He absolutely did, firing that tow cable into the car he plowed into just moments before to turn it into a vehicular morning-star to use against the other vehicles, and then using the gun on the front of his car to totally decimate that SUV with the mini gun, and then literally decapitating a guy with his front fender, and then blowing up those trucks with the Batplane, lighting KGBeast up with that machine gun, and you know what? It was beautiful. It was ugly, but, for the purposes of the story, I thought it was beautiful, because I see this as a redemption story for a Batman who's basically become so disillusioned by his experiences that he's forgotten his true purpose.

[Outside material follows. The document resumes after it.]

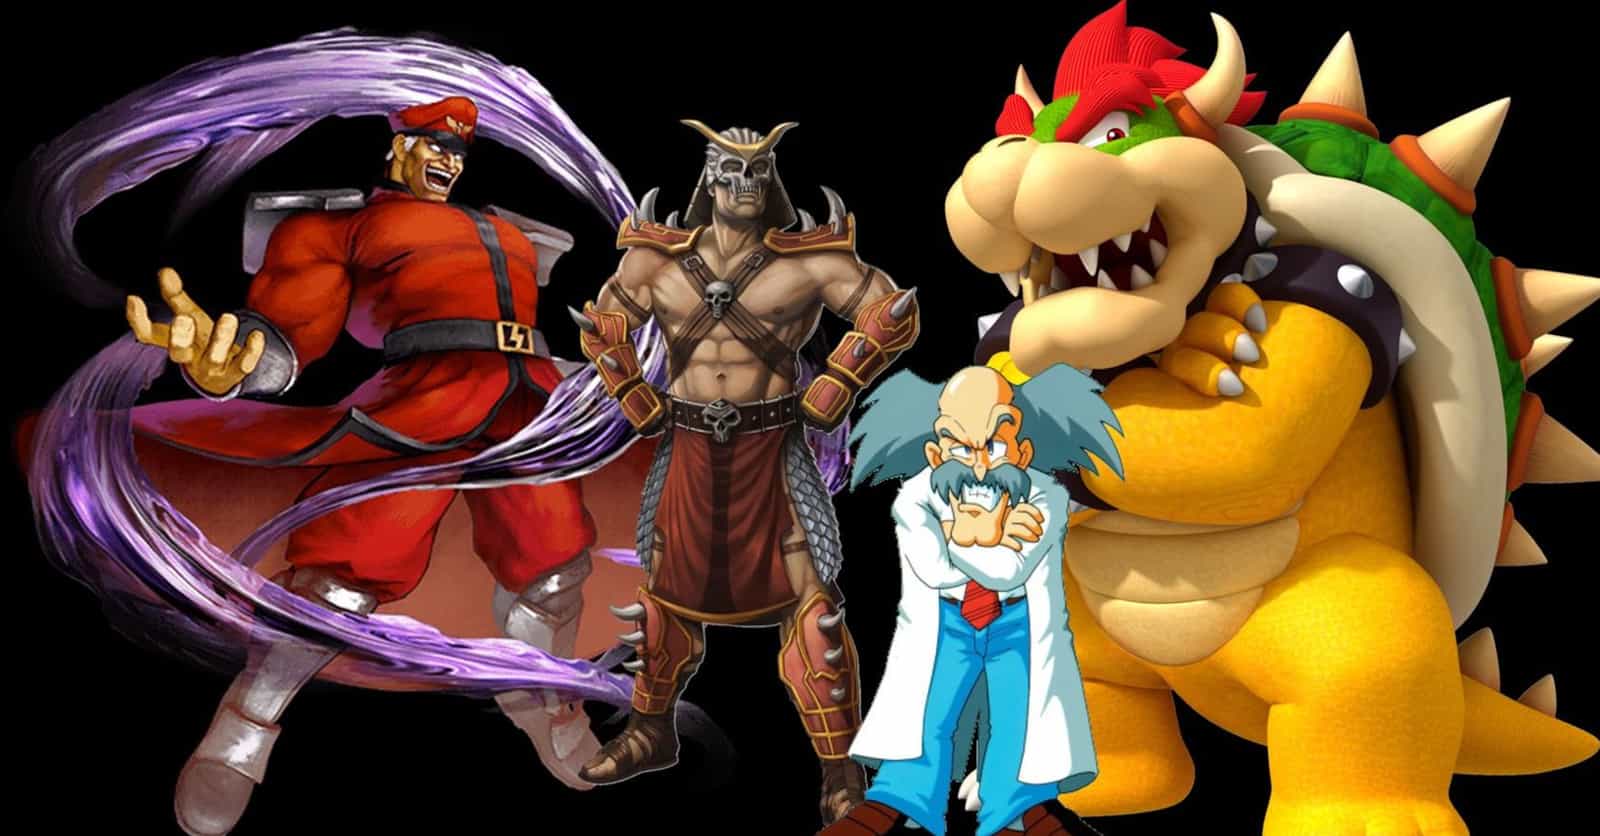 Which Video Game Villain Would You Be According To Your Zodiac Sign?
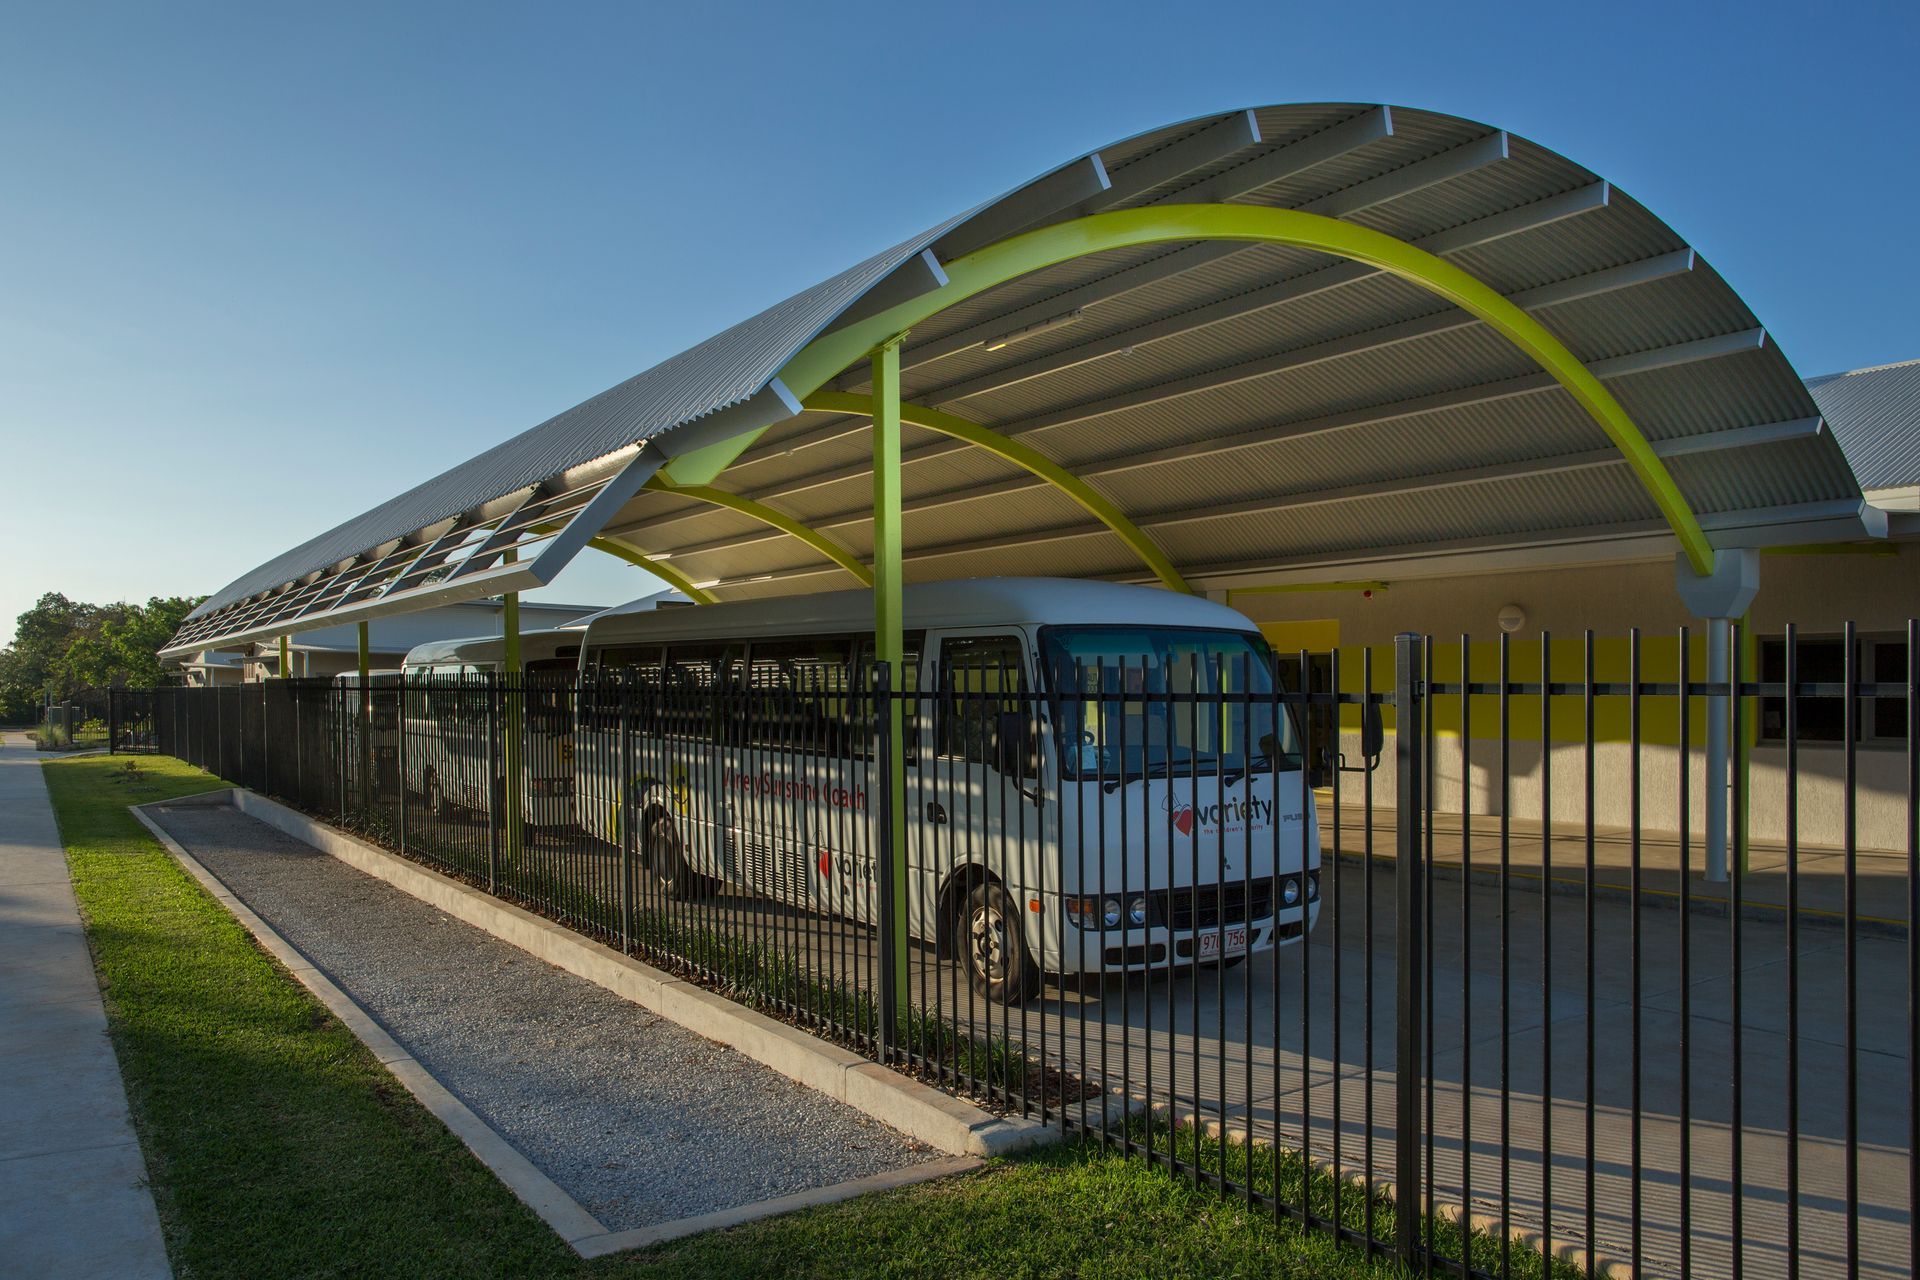 A bus is parked under a canopy in front of a building.

There's a line in "Under the Red Hood" where Jason asks Batman why he wouldn't just kill the Joker, and Batman talks about crossing that line would basically mean unleashing the monster inside and not being able to come back, and I feel like that's where this movie picks up. With Batman, after he's lost sight of that line. I know it pissed a bunch of people off, but I feel like it goes a great deal toward humanizing Batman. He's the king of deus ex machina; in the current comics, he's literally the God of Knowledge (I **** you not), and people always say that what makes Batman so great is that he's human, and that makes him relatable, except that he's really not. He's always portrayed as morally incorruptible and completely infallible, and, as we've heard, time and again, "to err is human."
I think that this story is as much about Batman's redemption as it is about Superman's, and it just works for me.